Incarceration in Canada is one of the main forms of punishment, rehabilitation, or both for the commission of felony and other offenses. The incarceration rate in Canada in 2012-2013 was 118 adults and youth incarcerated per 100,000 population.
According to Statistics Canada, in 2012-2013 there were a total of 41,049 offenders adults incarcerated in Canadian federal and provincial prisons on average per year. 39,678 offenders were adults, representing an incarceration rate of 142 per 100,000 population. 1,371 were youth, representing an incarceration rate of 73 per 100,000 population.
The correction system in Canada dates to French and British colonial settlement where punishment for crimes was often meted out in public. Whipping, branding, and pillorying as physical pain and humiliation were the preferred forms of punishment. In other cases, offenders were transported to other countries and abandoned to their fate. Execution was also used as punishment for serious crimes.
The first penitentiary was built in Upper Canada (present day Ontario) in 1835 when the Kingston Penitentiary opened. This facility was built by the colonial government and at the time of Confederation in 1867 it was under provincial jurisdiction (of the Province of Ontario). It came under federal responsibility with the passage of the Penitentiary Act in 1868.

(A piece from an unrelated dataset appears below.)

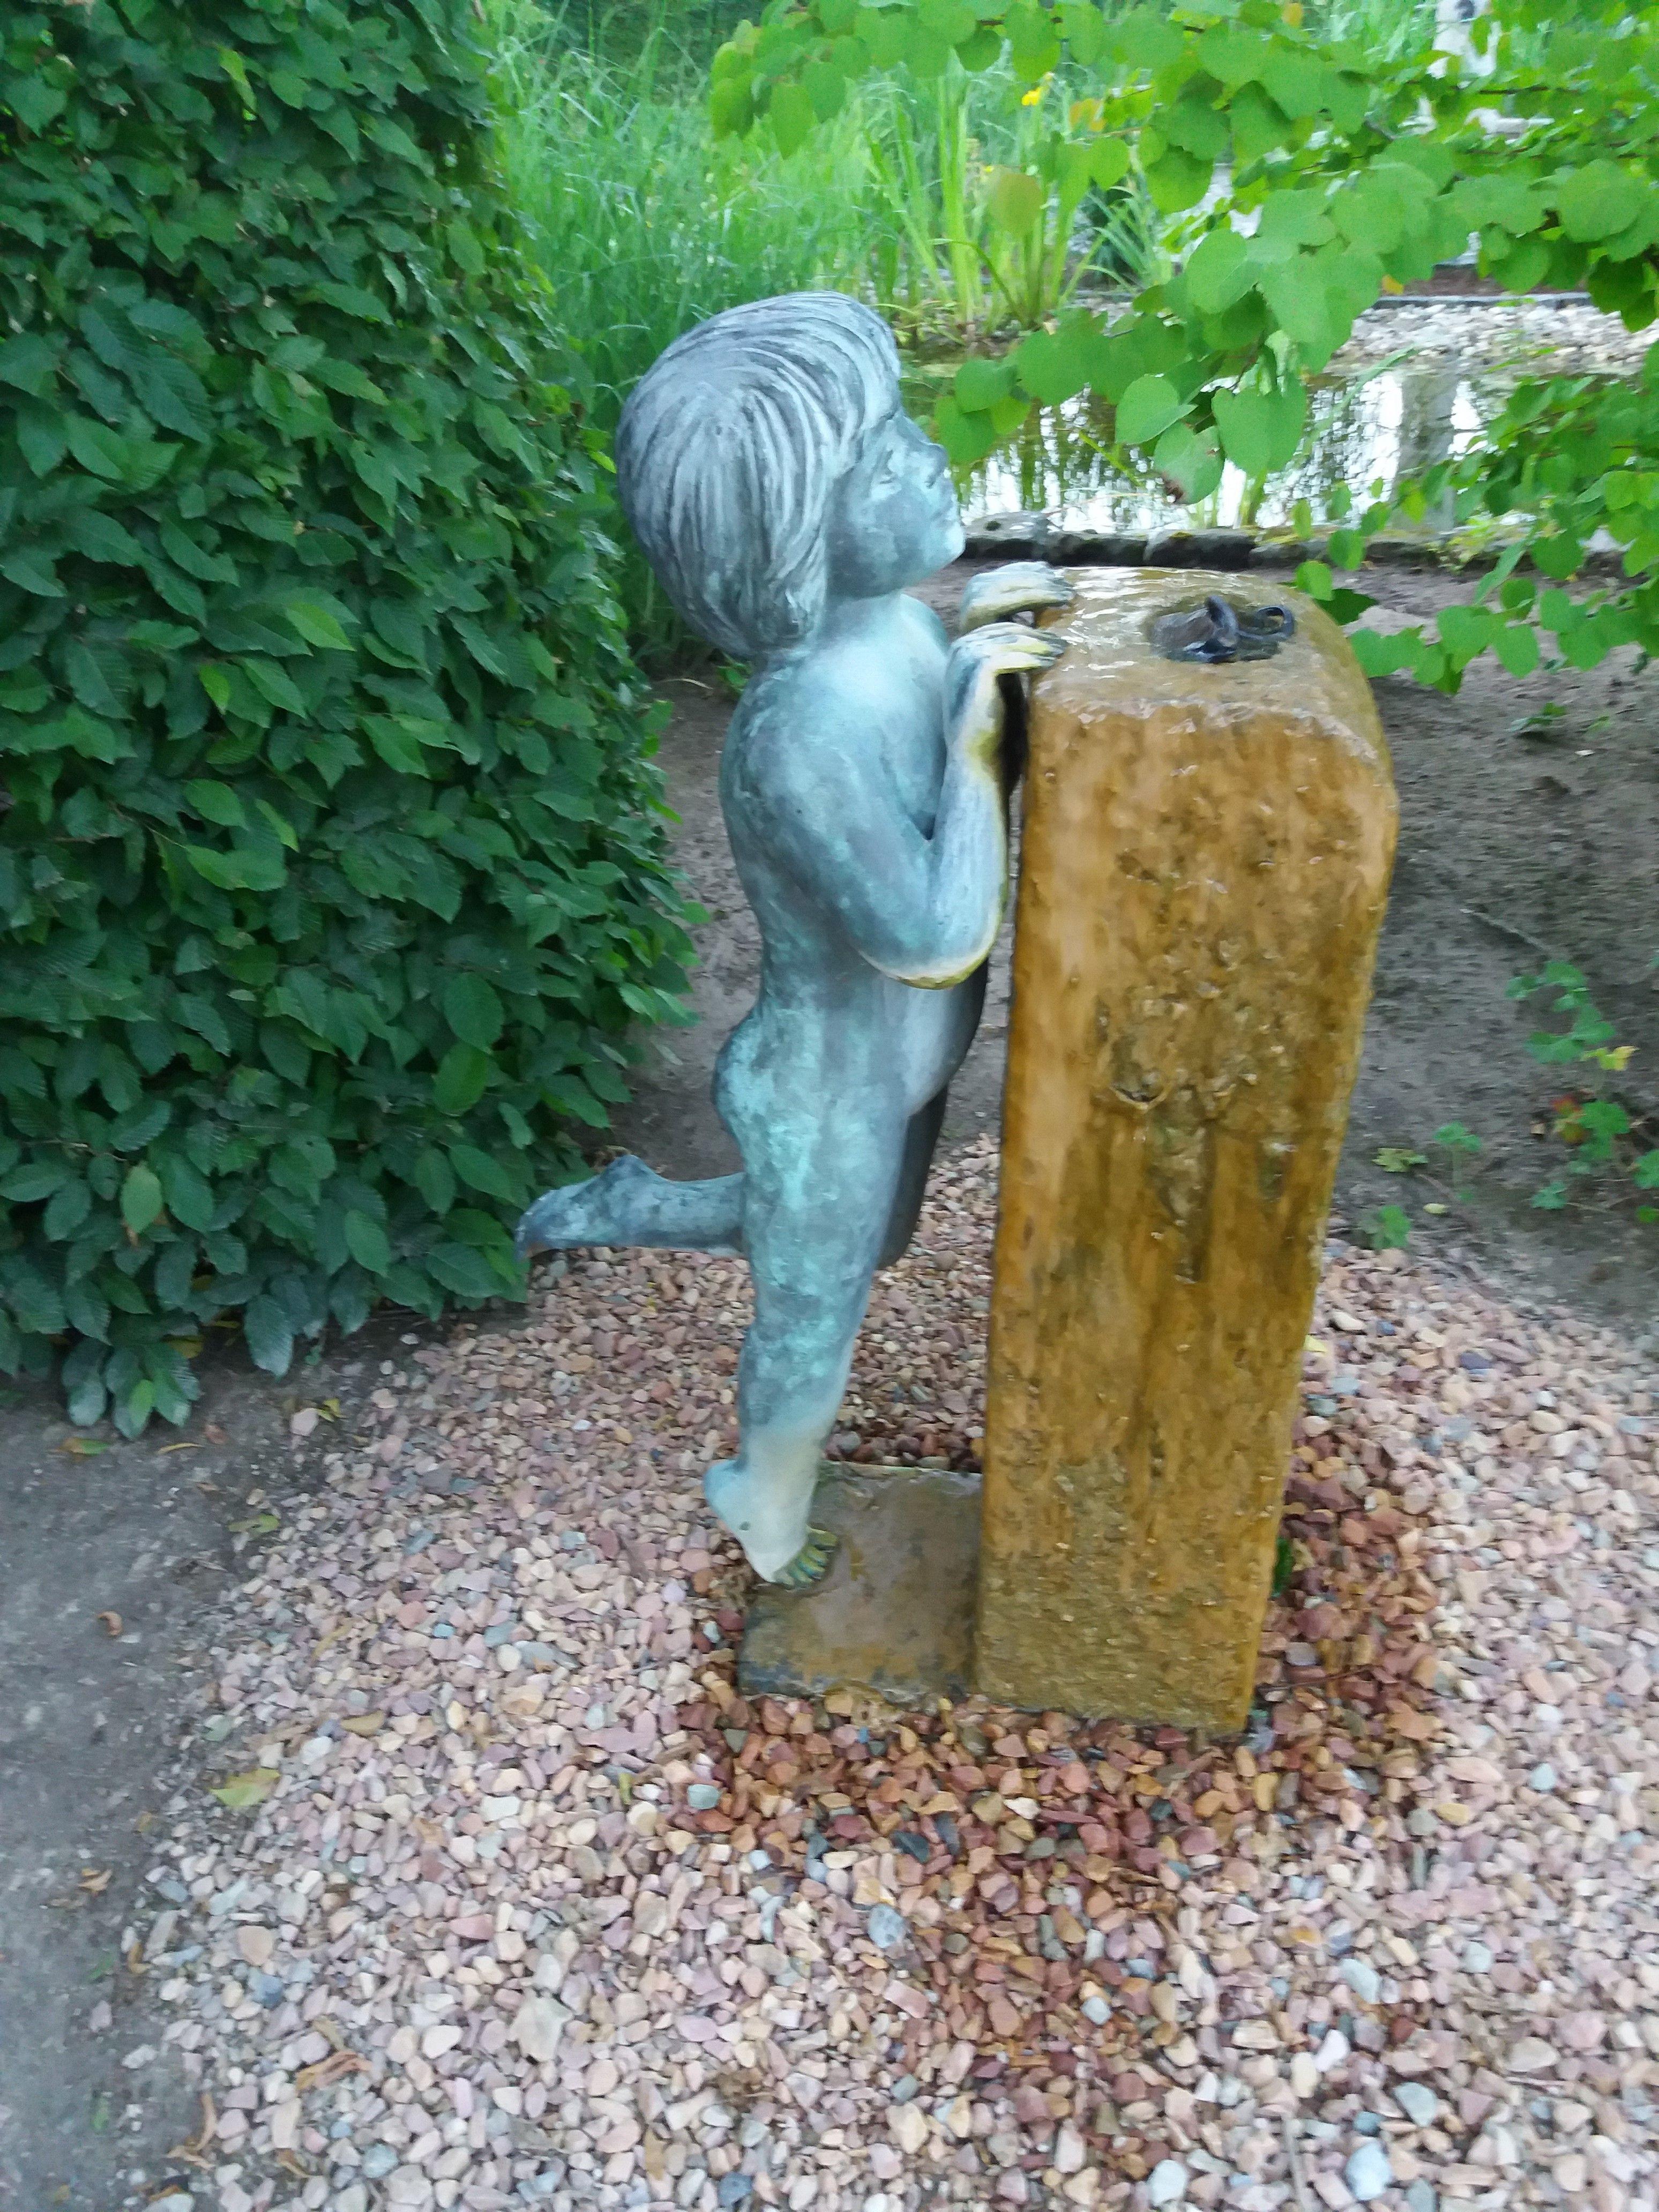 Springbrunnen Im Park Der Garten In Bad Zwischenahn In Deutschland Garten Gartendekoration Gartenkunst Fi Gartenkunst Springbrunnen Gartendekoration

The federal government opened additional penitentiaries in other parts of Canada in decades following Confederation. An increase in crime during the Great Depression saw a rapid increase in Canada's incarceration rate. The Prison for Women opened in 1934. The Royal Commission to Investigate the Penal System in Canada (the Archambault Commission) was established that year in response to riots, overcrowding and strikes in Canadian prisons. The final report was published in 1938 and was the first comprehensive report in Canada to emphasize crime prevention and offender rehabilitation.